### Your goal
Quote every line of the data below as it stands, omitting pictures.

*** Data block

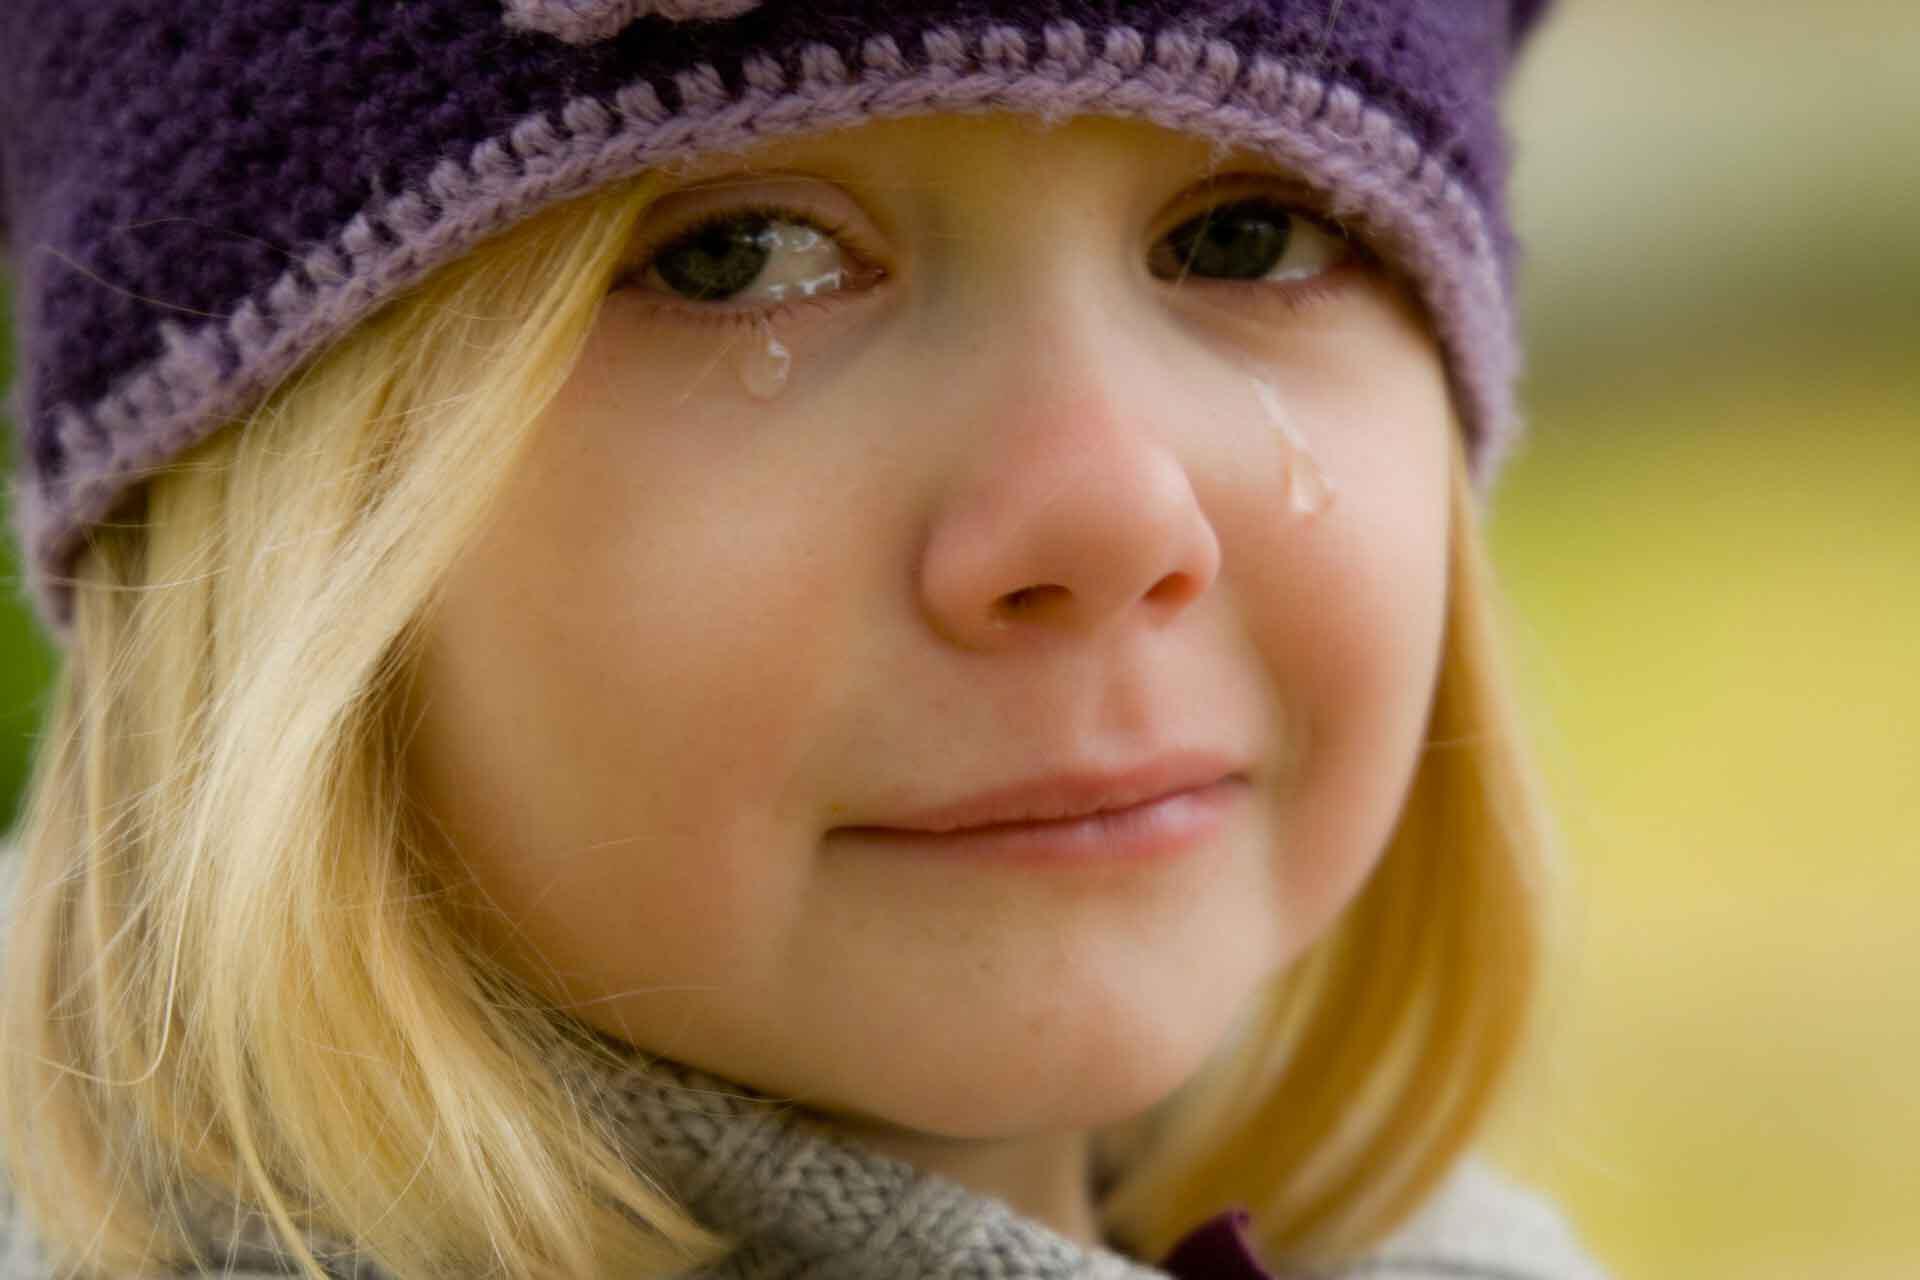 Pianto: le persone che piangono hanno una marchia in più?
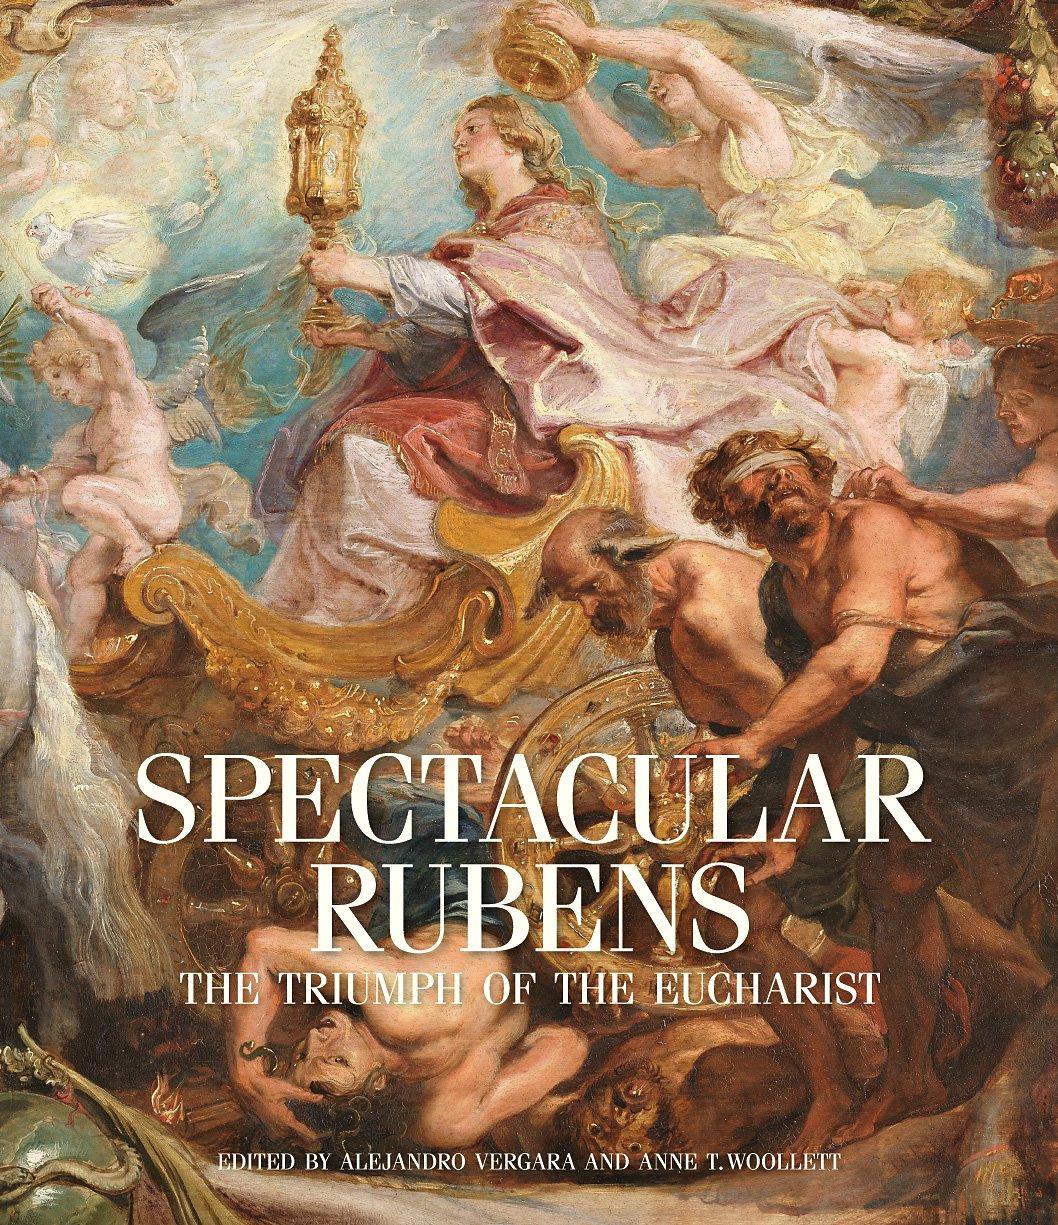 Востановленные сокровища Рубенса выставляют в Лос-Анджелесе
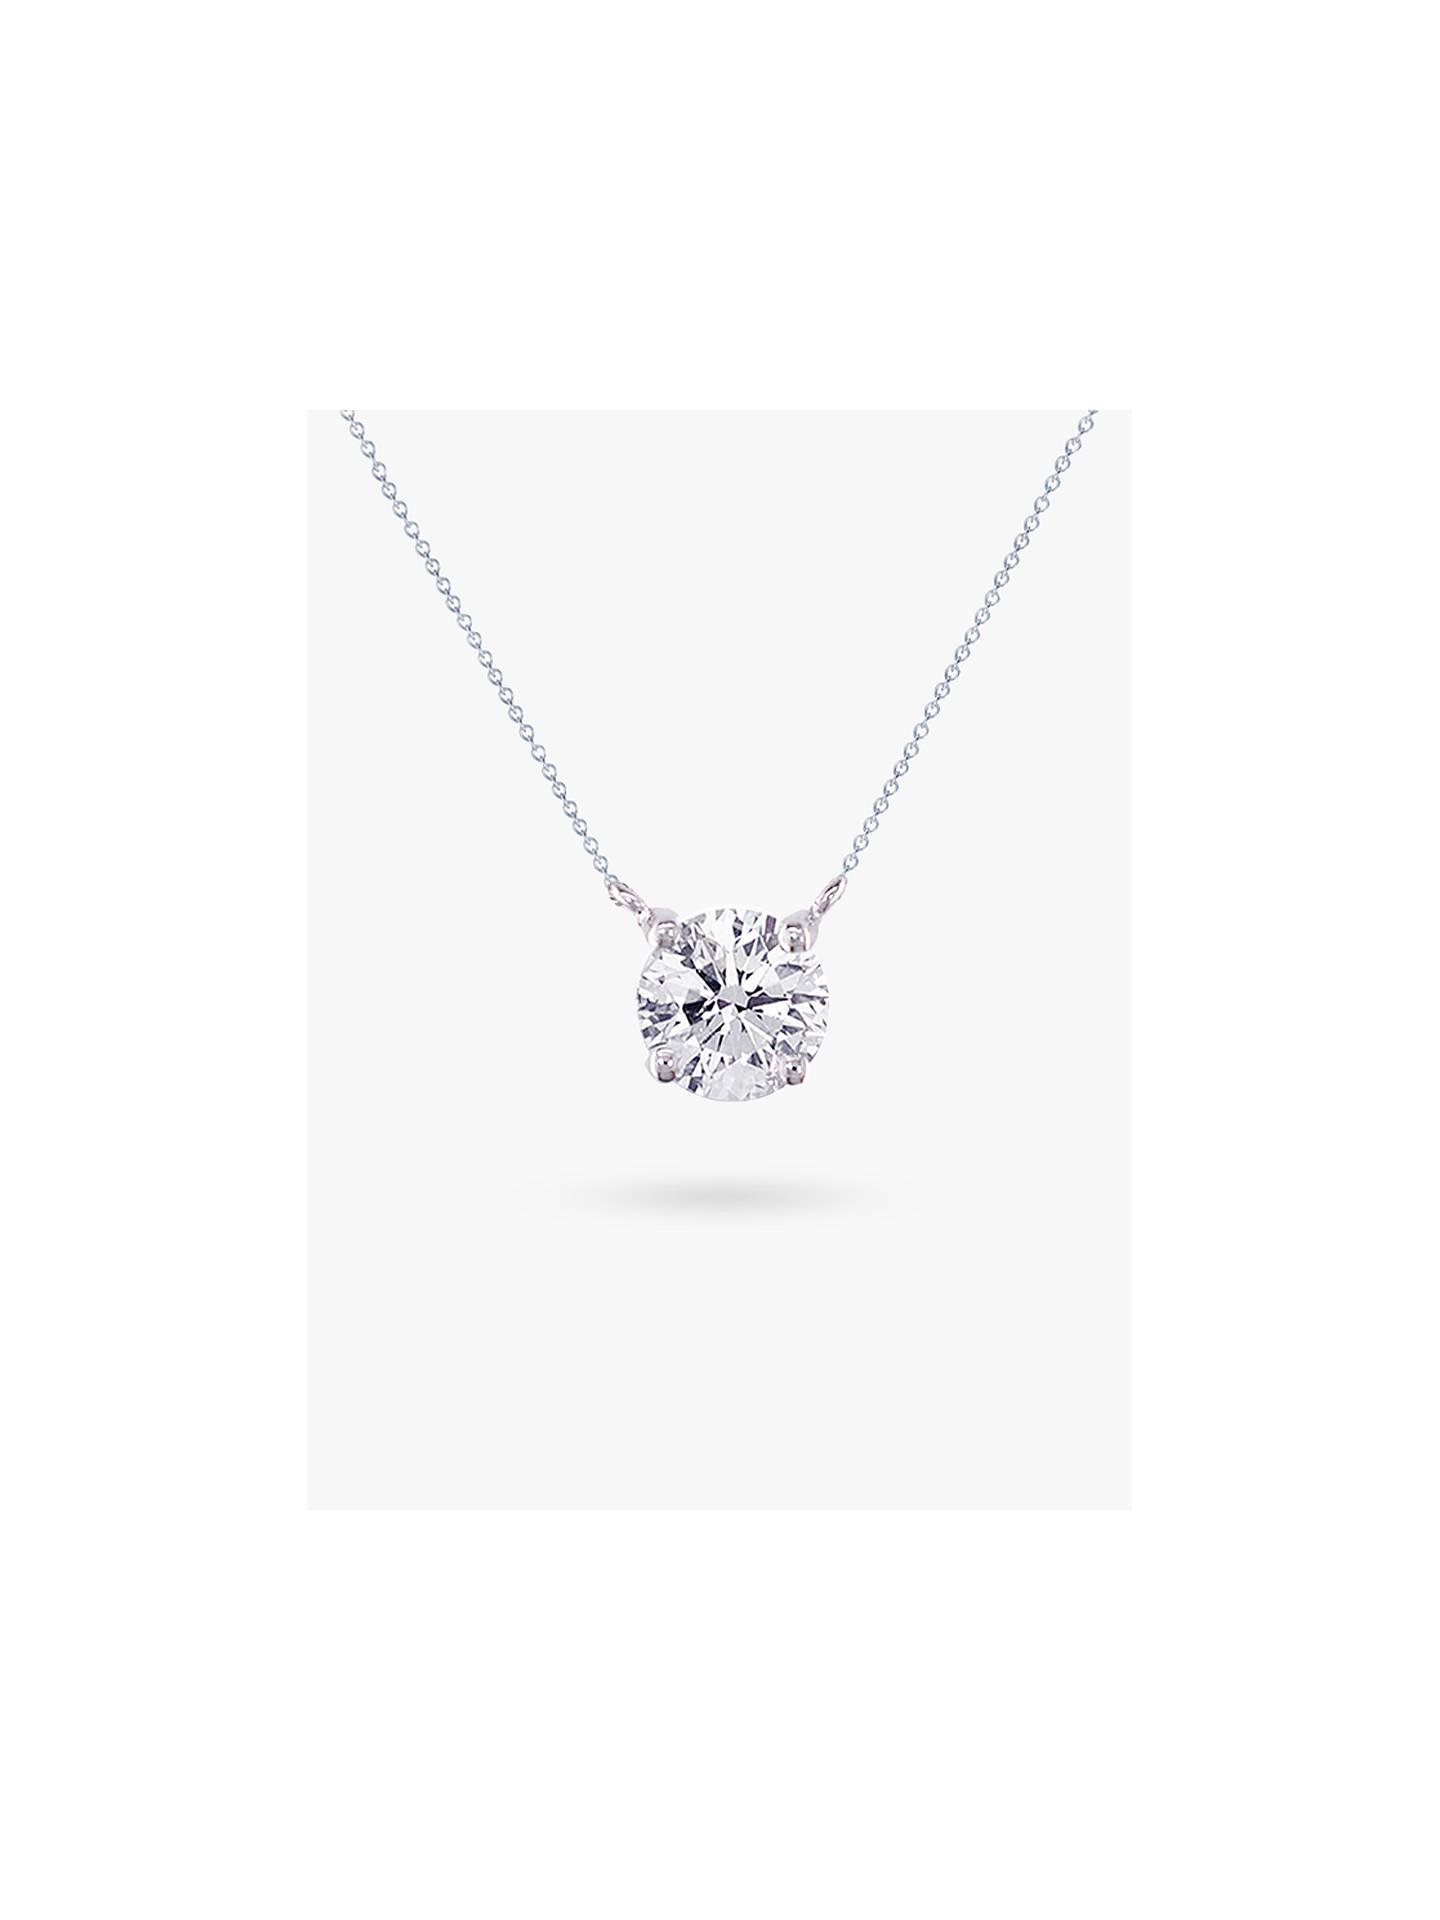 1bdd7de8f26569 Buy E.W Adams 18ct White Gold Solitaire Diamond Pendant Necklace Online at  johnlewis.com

******

### Exercise result
 Pianto: le persone che piangono hanno una marchia in più?
 Востановленные сокровища Рубенса выставляют в Лос-Анджелесе
 1bdd7de8f26569 Buy E.W Adams 18ct White Gold Solitaire Diamond Pendant Necklace Online at  johnlewis.com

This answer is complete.